* Data provided *
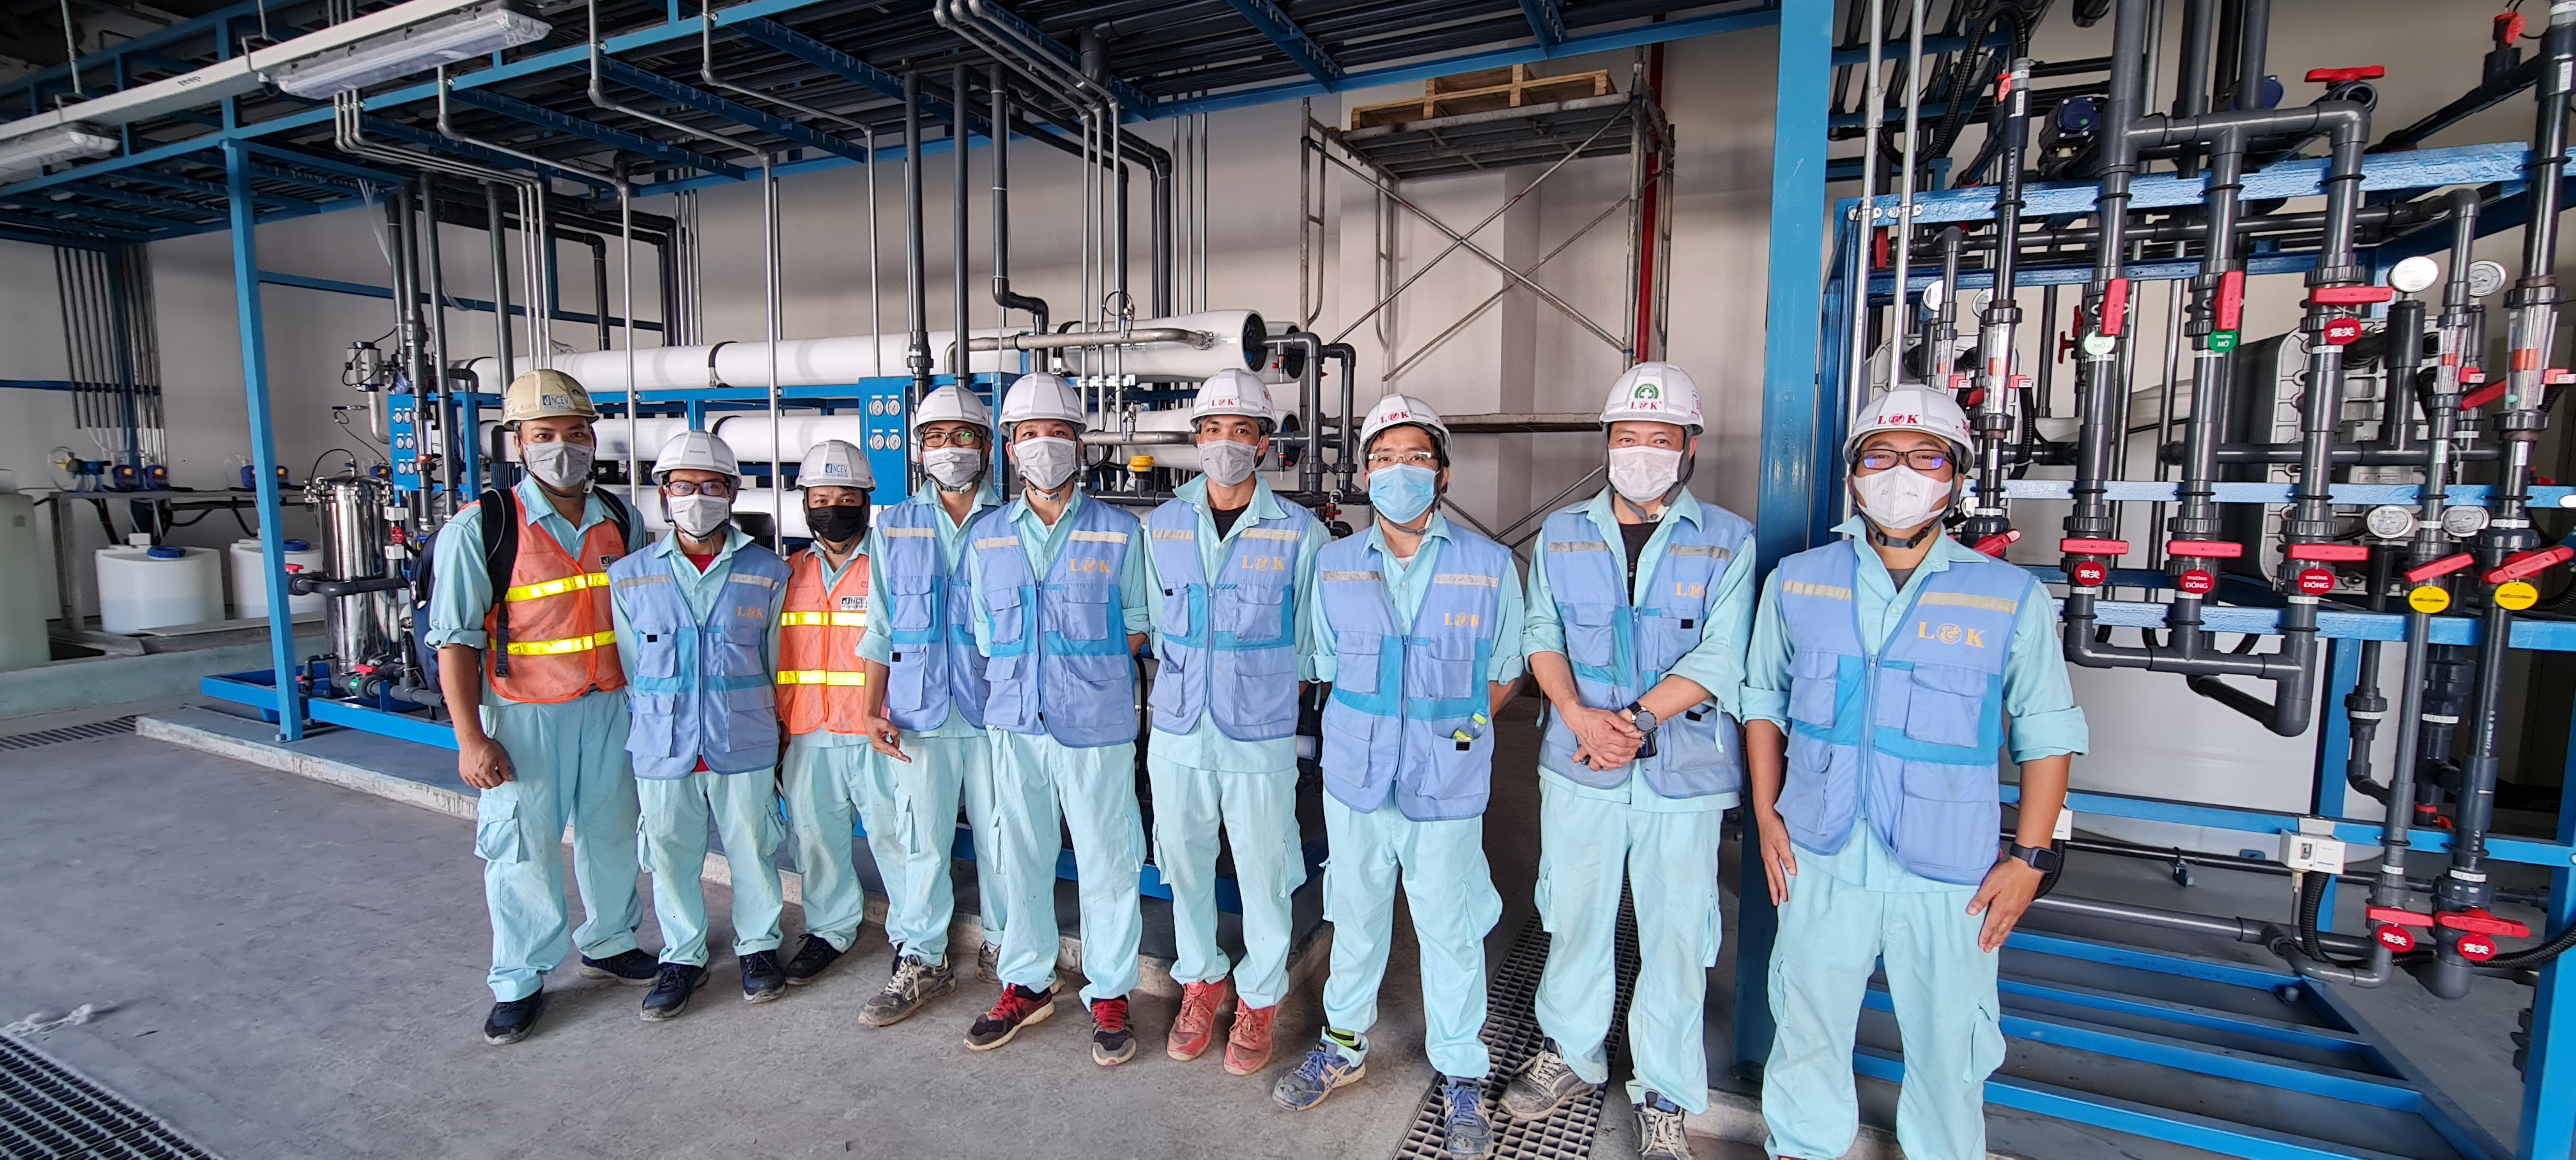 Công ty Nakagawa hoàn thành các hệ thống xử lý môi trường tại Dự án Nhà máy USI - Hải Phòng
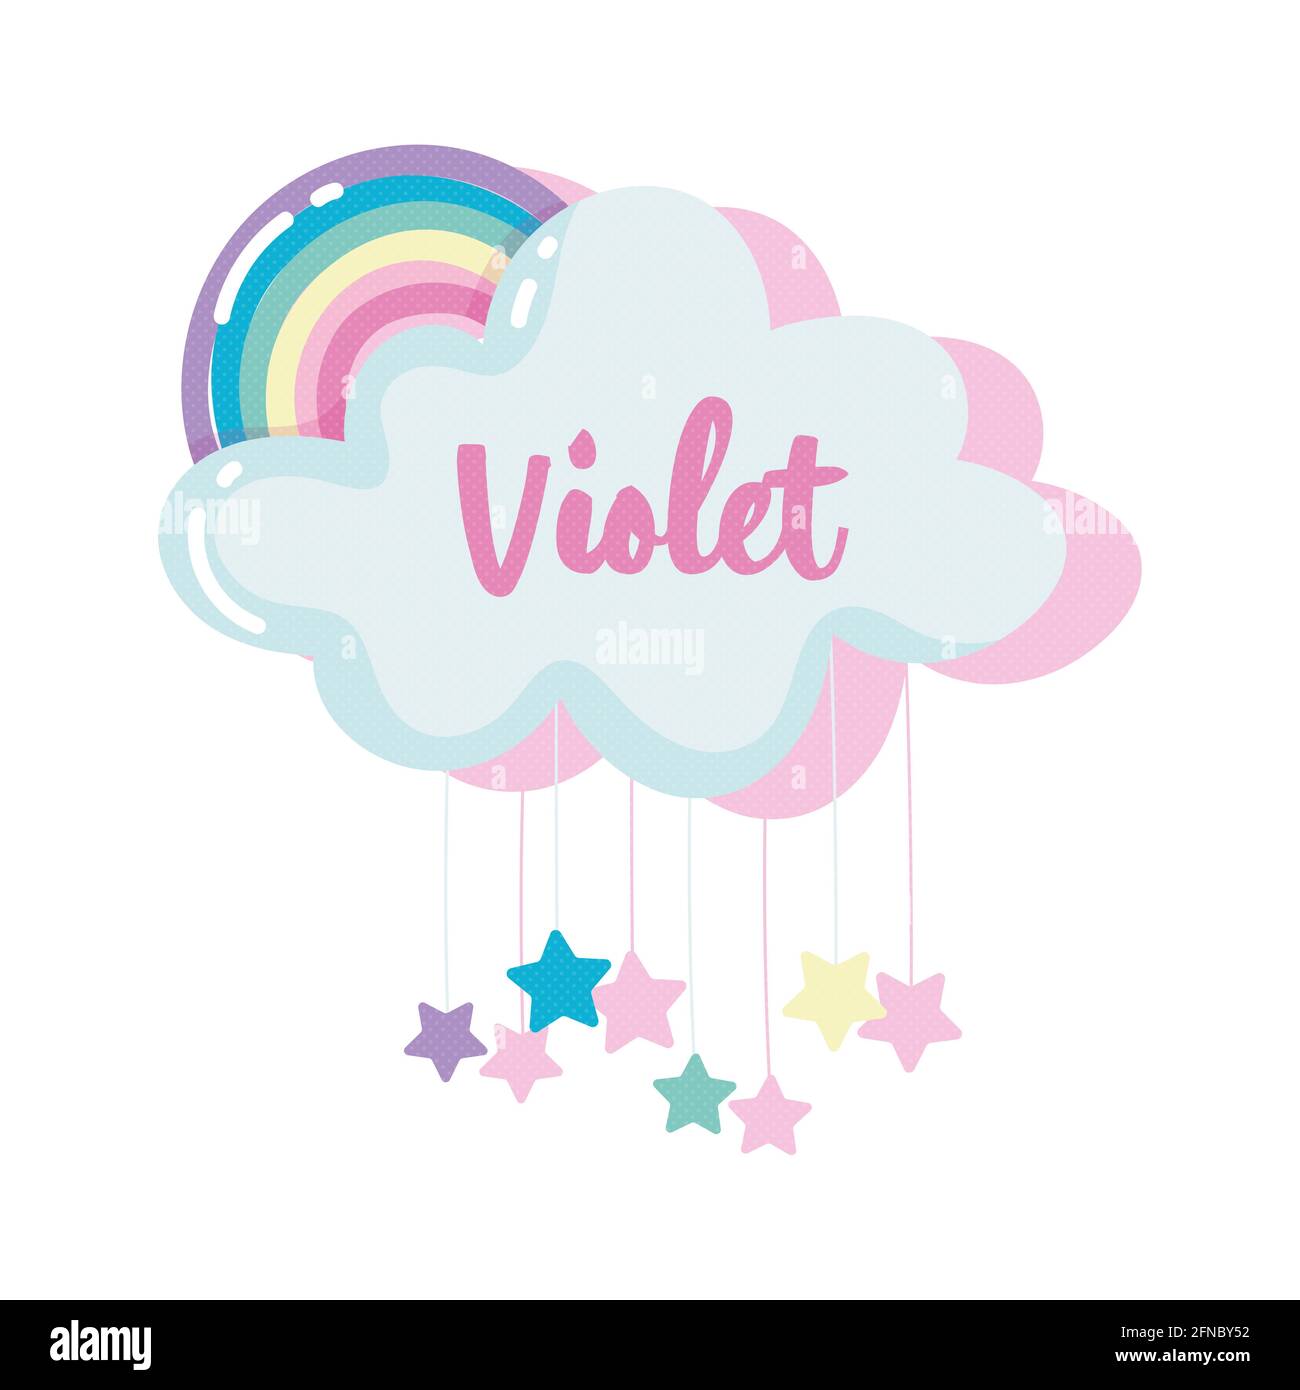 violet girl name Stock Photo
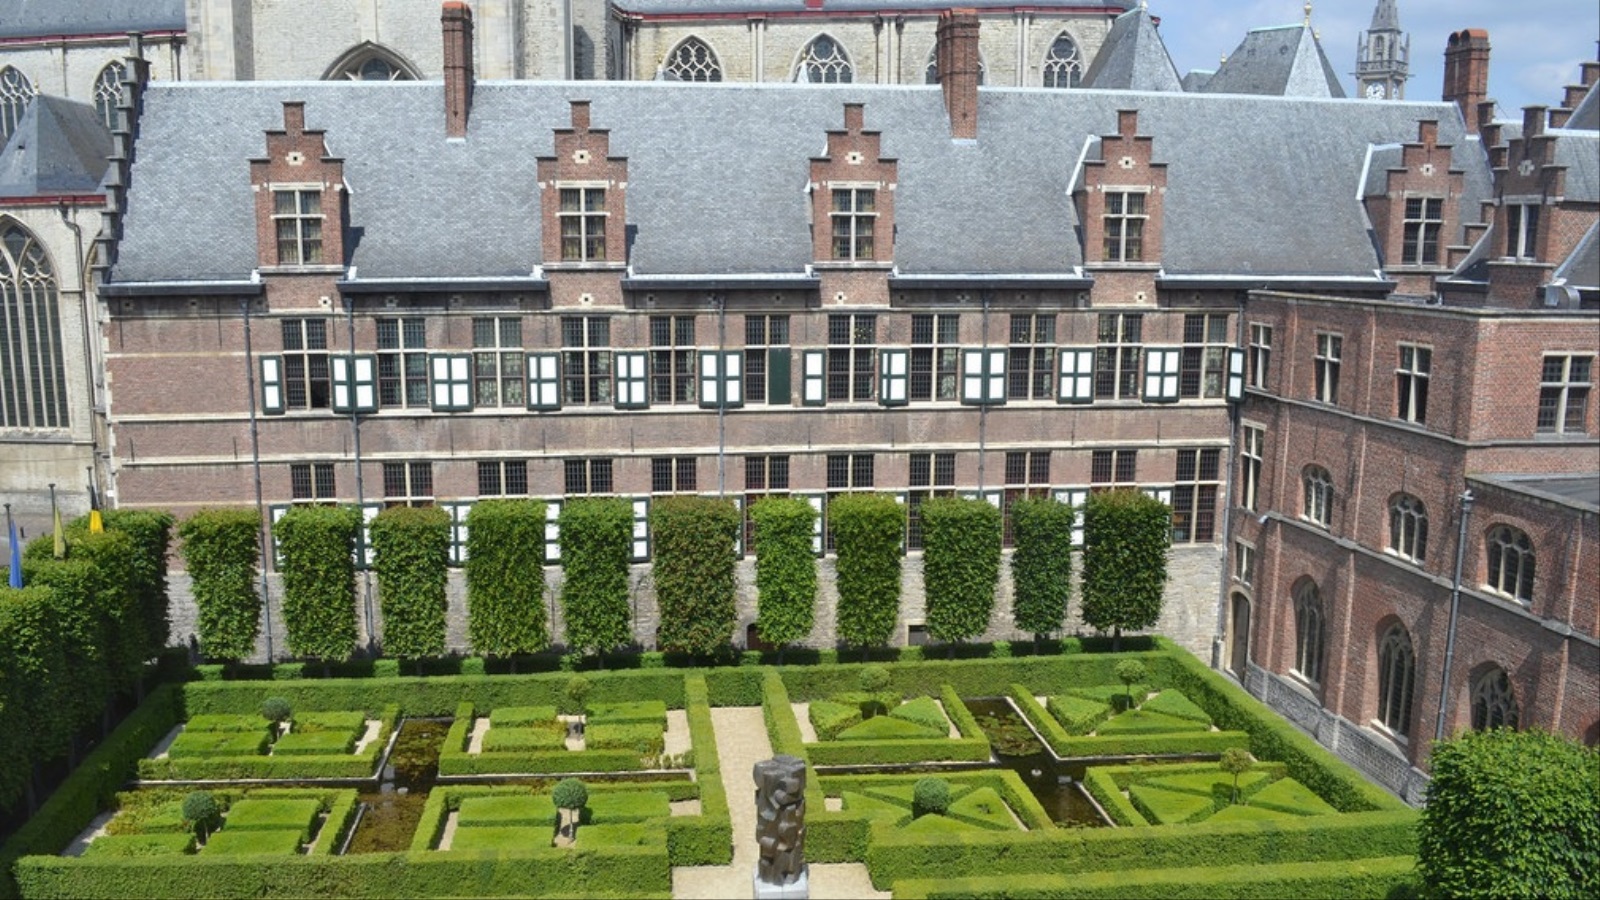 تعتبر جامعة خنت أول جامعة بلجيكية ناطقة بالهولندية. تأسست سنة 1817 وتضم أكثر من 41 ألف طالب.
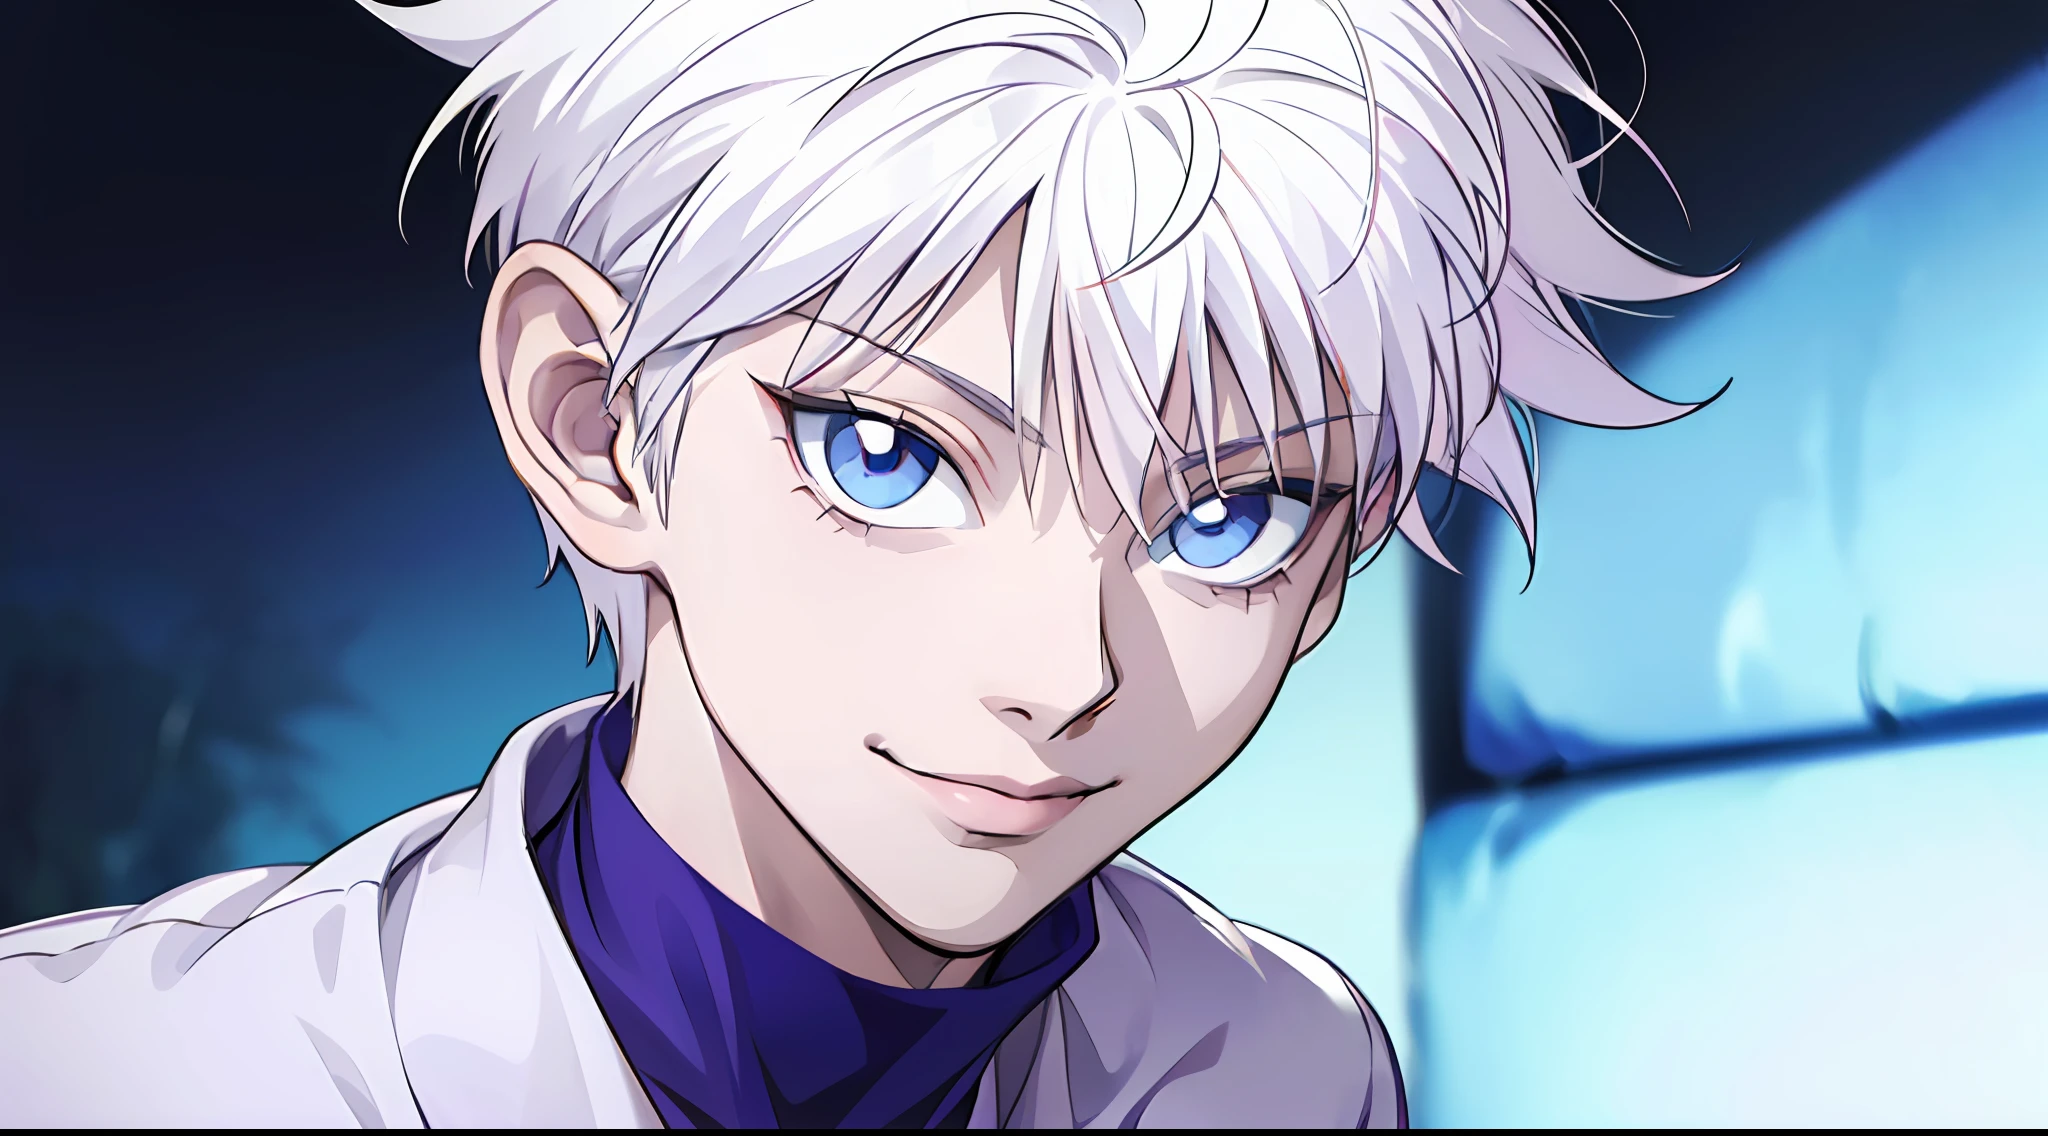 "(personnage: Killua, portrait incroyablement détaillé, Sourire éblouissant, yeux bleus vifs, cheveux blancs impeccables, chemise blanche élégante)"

* Work instruction *
Copy the whole listing exactly, excluding the pictures in it.

* Reply to the exercise *
 Công ty Nakagawa hoàn thành các hệ thống xử lý môi trường tại Dự án Nhà máy USI - Hải Phòng
 violet girl name Stock Photo
 تعتبر جامعة خنت أول جامعة بلجيكية ناطقة بالهولندية. تأسست سنة 1817 وتضم أكثر من 41 ألف طالب.
 "(personnage: Killua, portrait incroyablement détaillé, Sourire éblouissant, yeux bleus vifs, cheveux blancs impeccables, chemise blanche élégante)"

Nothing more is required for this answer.